Conference-debate (in French) with Alain Colignon (CegeSoma/State Archives) as guest speaker
A discussion led by Chantal Kesteloot (CegeSoma/State Archives)
Both in the First and in the Second World War, Ukraine was the theatre of a fierce struggle between two major nationalisms, disguised in an imperial form: that represented by the German Reich - in two different versions - and that embodied by the Russian-Soviet state. Whoever controls these rich arable lands whose soils are abundant in resources of all kinds (coal, gas, bauxite, ...) and located in a key geopolitical area, would also have direct or indirect power over vast parts of the Black Sea and hold a valuable connection to the oilfields of Kuban and the Caucasus.
But in spite of these antagonistic ambitions, the Ukrainian peoples were able, by trial and error and often under a lot of hardship, to build the core of a nation, a state framework... and even to keep it alive through the vicissitudes of history from 1914 to 1945.

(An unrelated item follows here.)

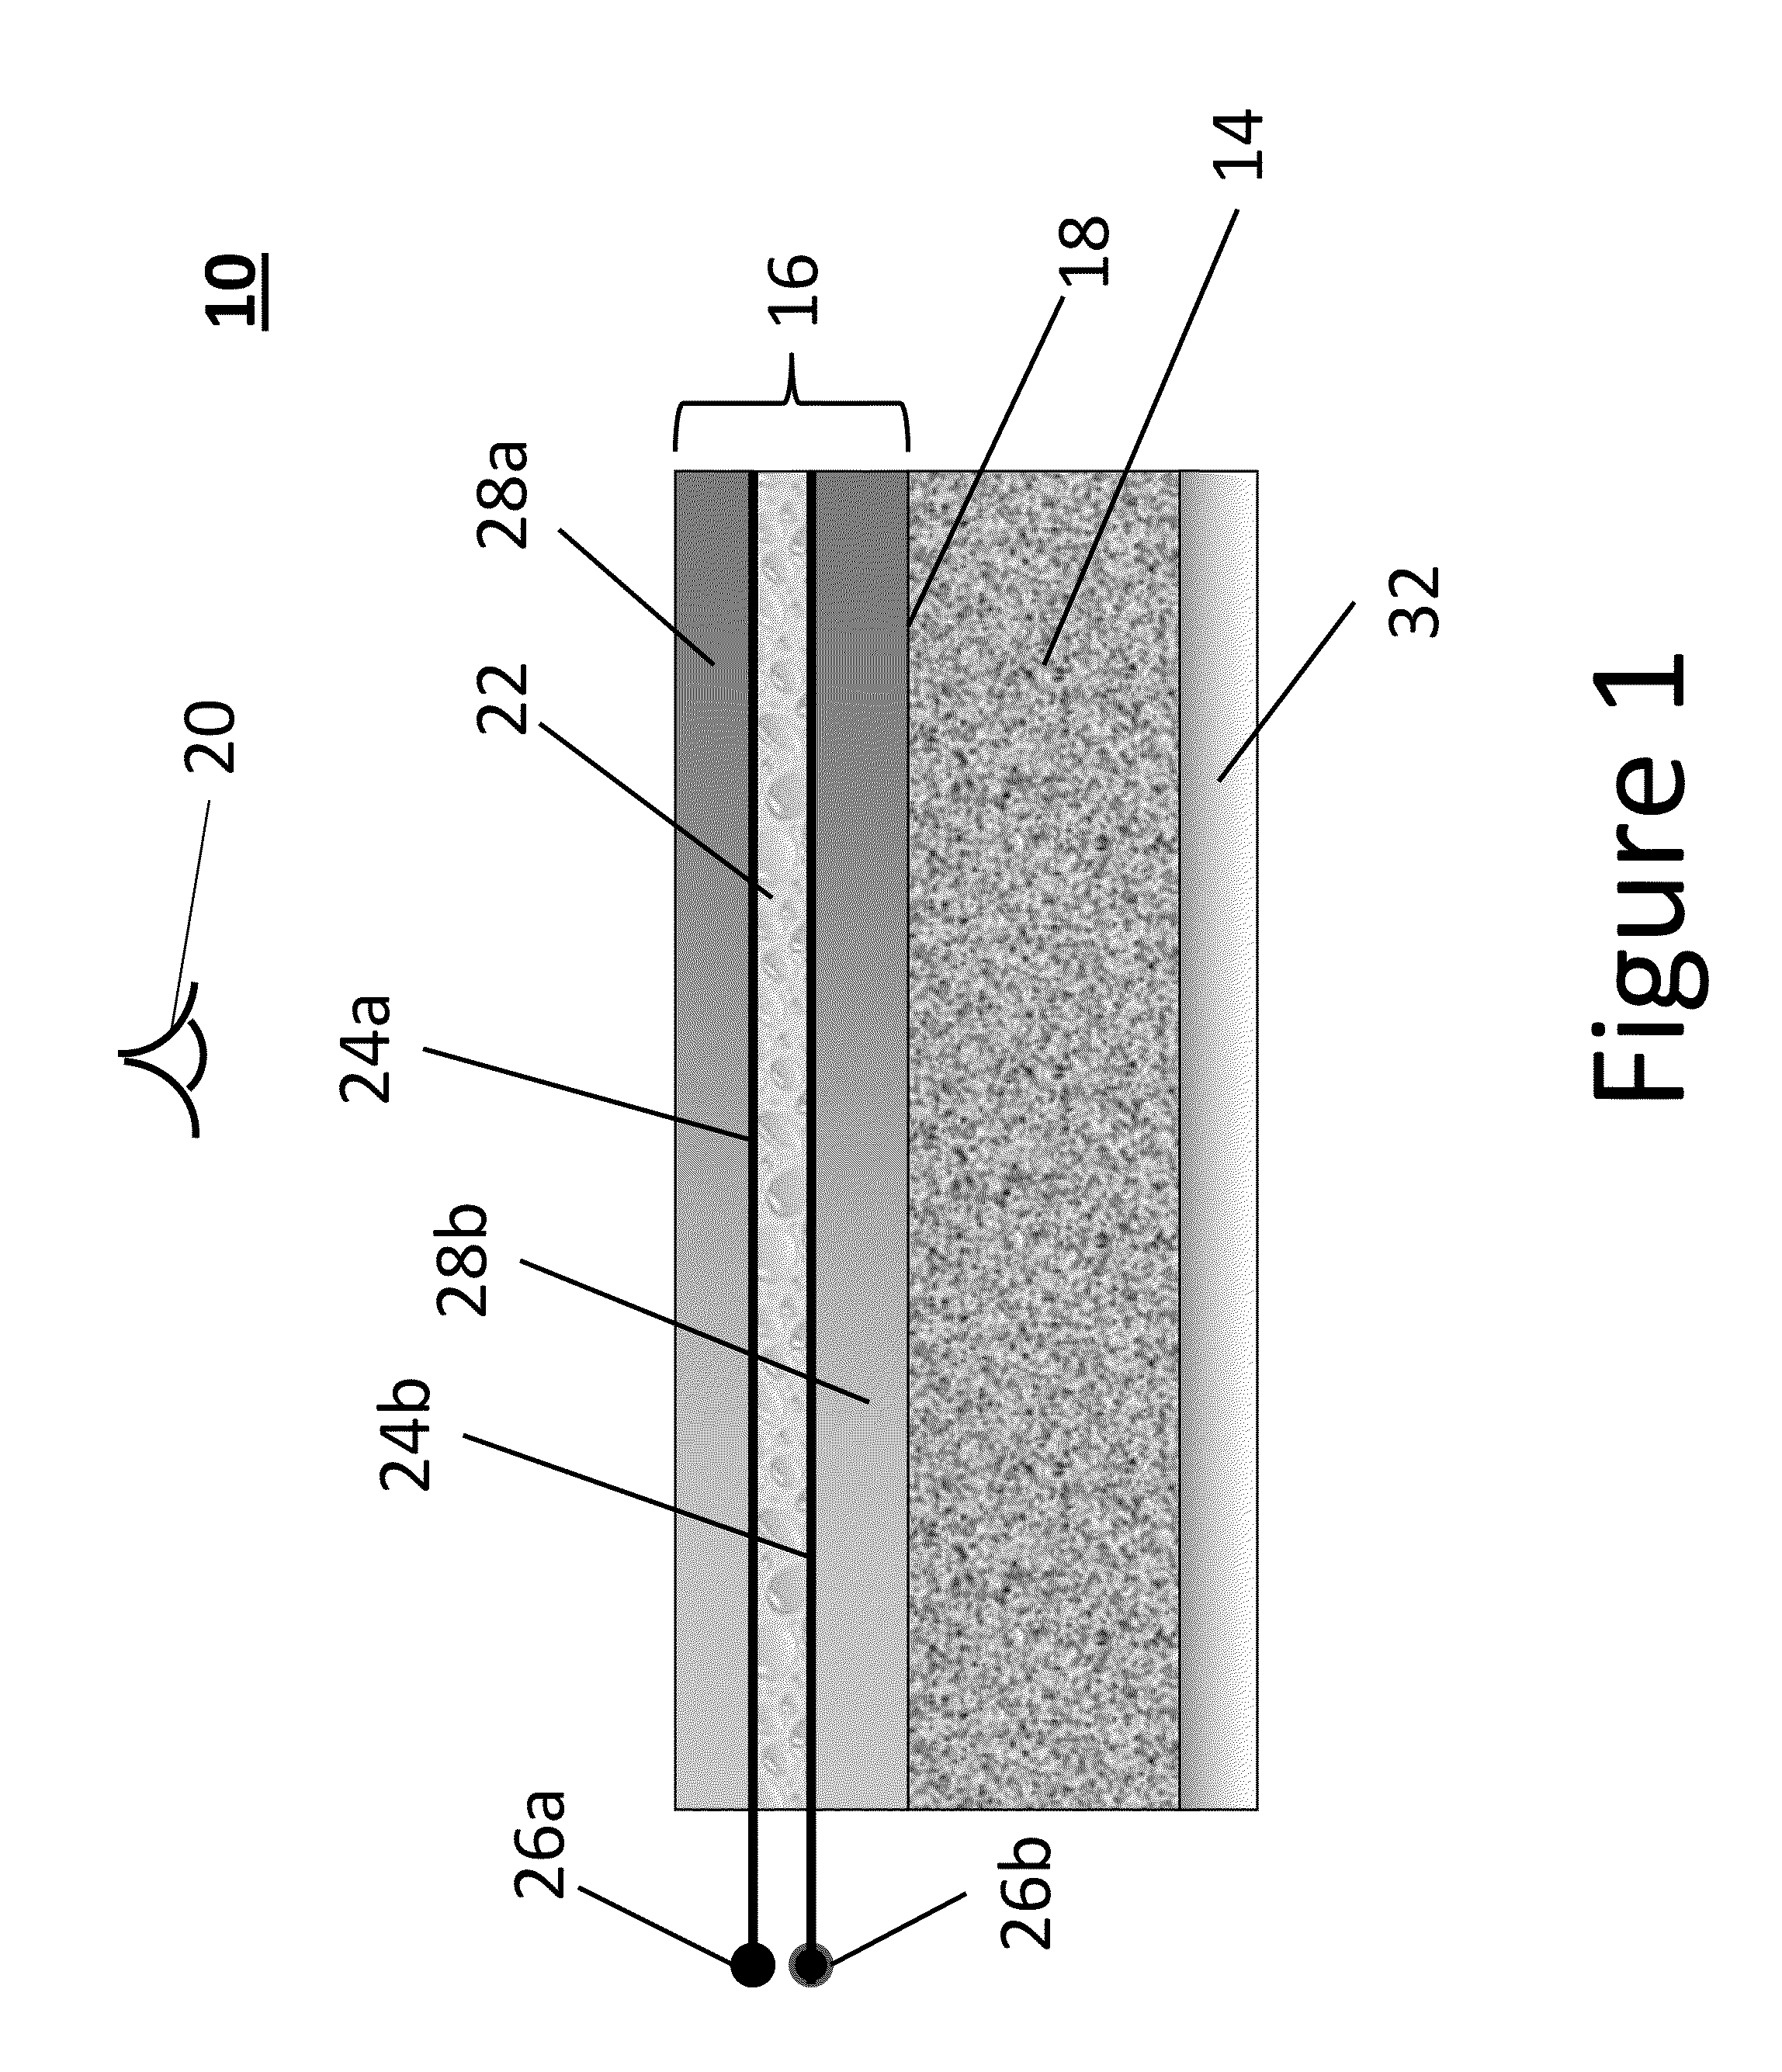 Display with overlayed electronic skin

The non-profit association “The Friends of CegeSoma” invites you to discover this part of history in order to be able to better understand the challenges of our times.
Alain Colignon is a historian from the University of Liège. He heads the library of CegeSoma/State Archives since many years.
Furthermore, he is the author of various works on the history of occupation and private life of the population in wartimes; he also specialises in the study of wartime collaboration and resistance, and currently works on a publication about Walloon society between 1930 and 1940.
Chantal Kesteloot is in charge of public history at CegeSoma/State Archives. She is particularly interested in the phenomenon of commemorations and the place of the past in public space, for example through street names (odonymy).
She coordinates the Belgium WWII website. She authored numerous publications, including 'Walloon Federalism or Belgian Nationalism? The Walloon Movement at the End of the First World War'.